The research results showed that the daily mean PM2.5 concentration in Long An had complicated changes in the 2018 dry season, ranging from 47.48 to 106.33 μg/m3, exceeding the NAAQS by 1.07 to 2.44 times and leading to health impacts and economic losses. The results obtained were as follows:

First, human health effects were quantified for the 2018 dry season. PM2.5 pollution caused health damage to the study area, estimated at 12.9 (95% CI -0.6; 18.7) premature deaths (all causes) per 100,000 population, of which 7.8 (95% CI 1.1; 7.1), 1.5 (95% CI -0.2; 3.1), and 3.6 (95% CI -1.5; 8.5) cases per 100,000 population were due to RDs, CVDs, and CSDs.

Second, the total value of economic losses related to daily exposure to PM2.5 concentrations during the study period reached 62.0 (95% CI -2.7; 89.6) billion VND, equivalent to 8.3 (95% CI -0.4; 12.0) million USD.

Third, a modeling framework for rapidly quantifying human health damage caused by exposure to short-term PM2.5 pollution is suitable for the proposed study area. These results could be a solid basis for further development, contributing to the construction and development of data sources for effective air environment management in Long An.

In low- and middle-income countries in Asia and Africa, socio-economic development is remarkably dependent on fossil fuels.
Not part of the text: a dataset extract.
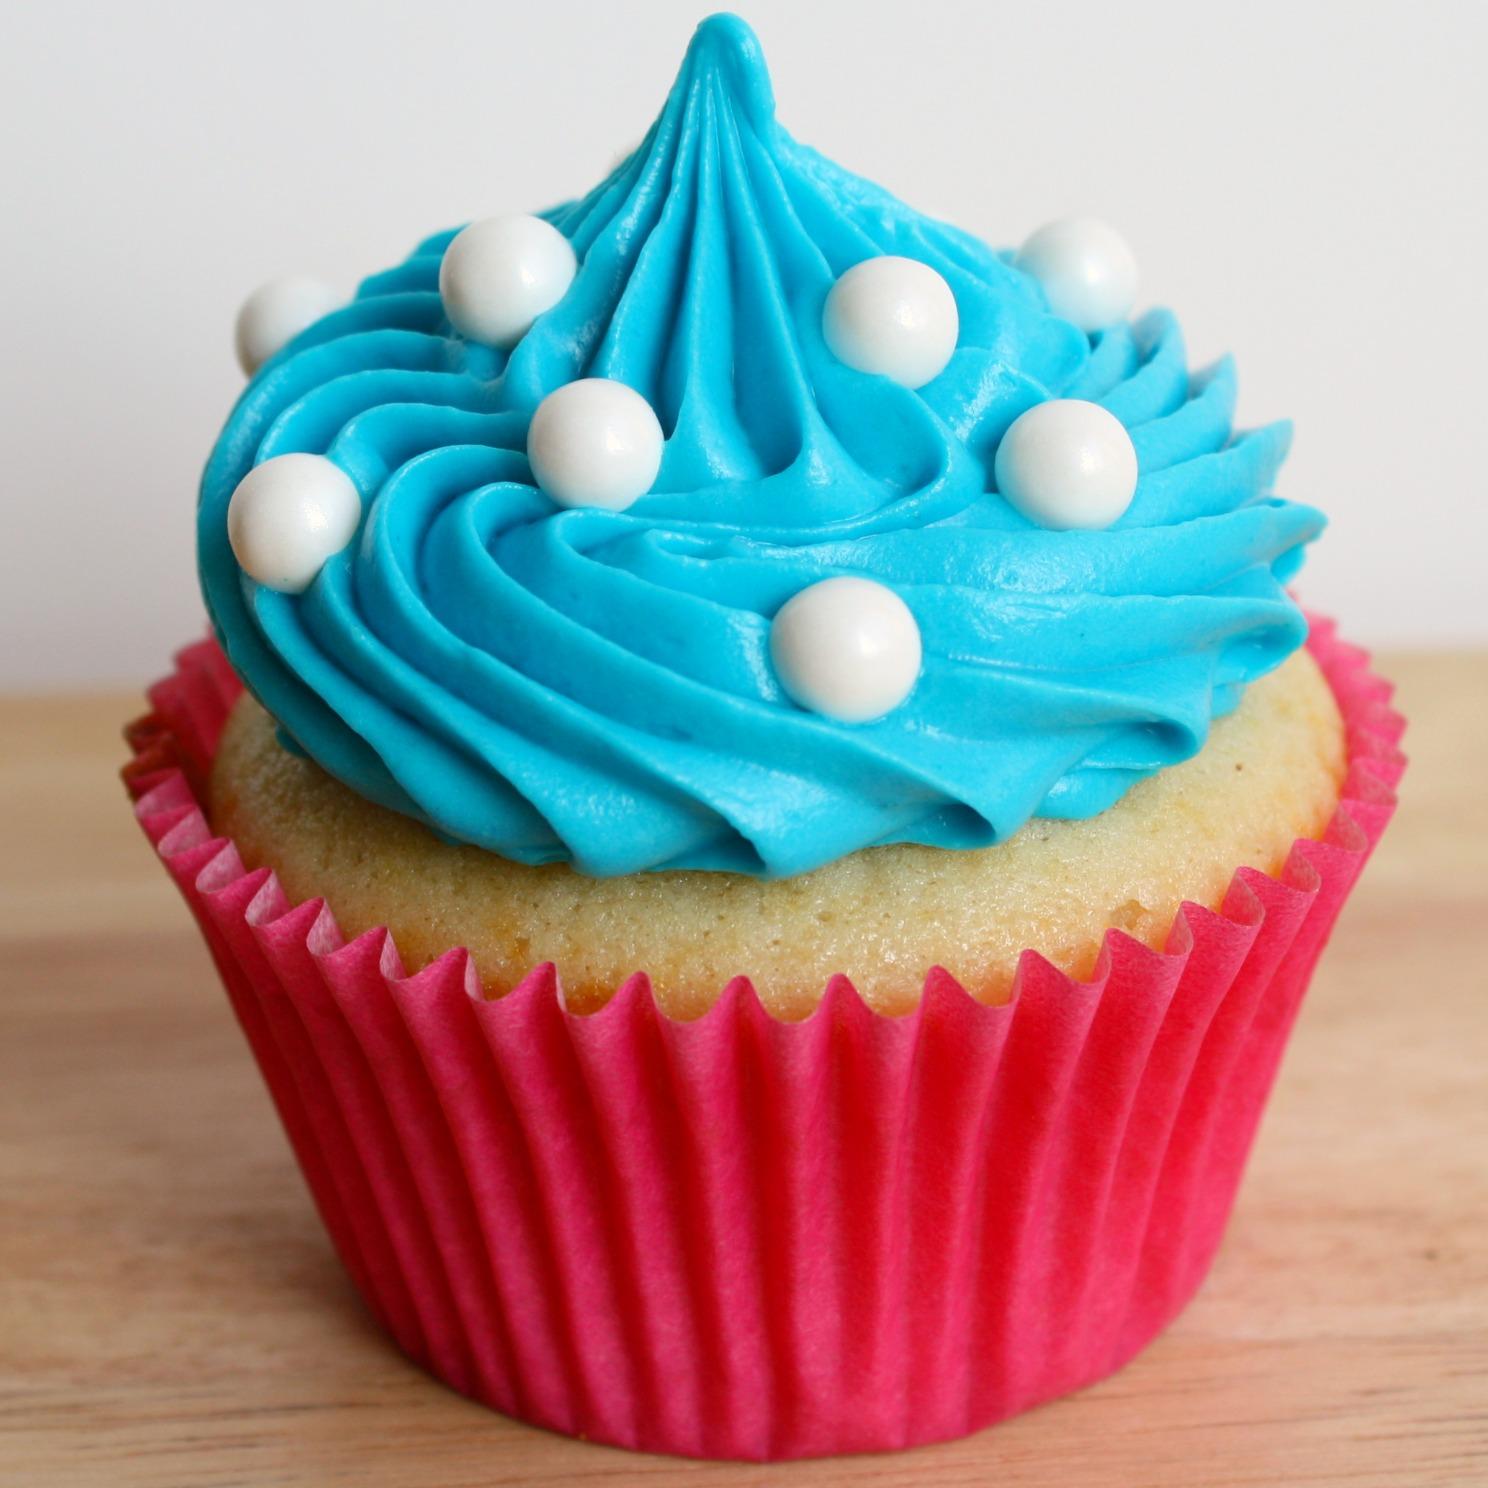 Vinilla Cupcakes

Therefore, dwellers in these countries invariably face higher risks of premature mortality due to outdoor PM2.5 pollution-related diseases. Due to a lack of ambient air quality monitoring data, local authorities and environmental managers have encountered many difficulties in assessing PM2.5 pollution status, determining pollution causes, estimating impacts on public health attributed to PM2.5 exposure, and proposing effective mitigation measures. This study has proposed an appropriate implementation framework based on simulations by the coupled WRF/CMAQ, public health impact, and rapid quantification models of economic losses. This framework could be applied in these countries under conditions of limited measurement data to support the analysis and quantitative assessment of the factors that contribute to PM2.5 pollution and their impact on local socio-economic through the implementation of numerical simulations. Furthermore, based on these assessment results, technical and non-technical measures to control and mitigate both primary and secondary PM2.5 could be proposed to be conducted efficiently and cost-effectively.